Red carpet incident[edit]

The deciding game between Ireland and England was overshadowed by an incident in the pre-game ceremonies in which the Irish President Mary McAleese had to walk on the grass instead of the red carpet to meet the Irish team. England had lined up on the left hand side when facing the tunnel, which was said to be Ireland's lucky side. When asked to move his team, England captain Martin Johnson refused, so Ireland lined up to the left of them, with no team now on the right hand side, leaving insufficient red carpet on that side.

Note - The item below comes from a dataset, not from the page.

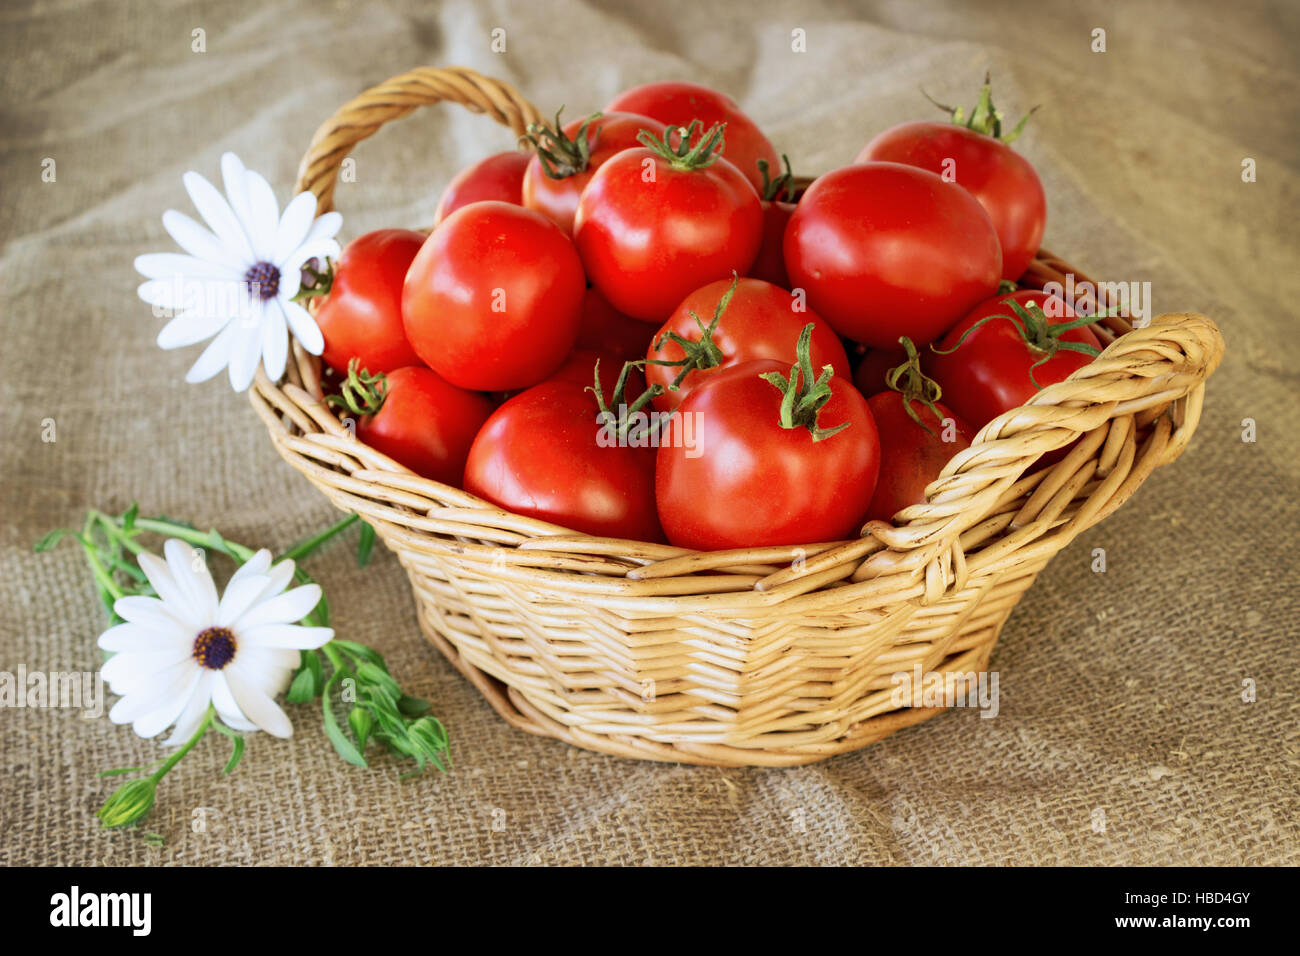 La vie encore d'un panier de tomates Banque D'Images

A day after the game the Irish Rugby Football Union sent a written apology to the president for the England team's failure to "follow established and communicated protocol", while their English counterparts the Rugby Football Union also sent her a "full and unreserved apology".[1] Having dismissed it at the time as "a fuss about nothing", Johnson later explained ahead of meeting the president again in Ireland for the 2011 Championship that he had lined up on that side as it was customary to line up on the side you warmed up on, that he had no prior knowledge of the protocol, and his subsequent refusal to move was because the request came from some "random guy", rather than the match referee.[2]

References[edit]

  1. ^ "RUGBY: Rugby apology for McAleese". UTV. 31 March 2003. Retrieved 19 March 2011. 
  2. ^ "18 March 2011". Irish Examiner. 19 March 2011. Retrieved 19 March 2011.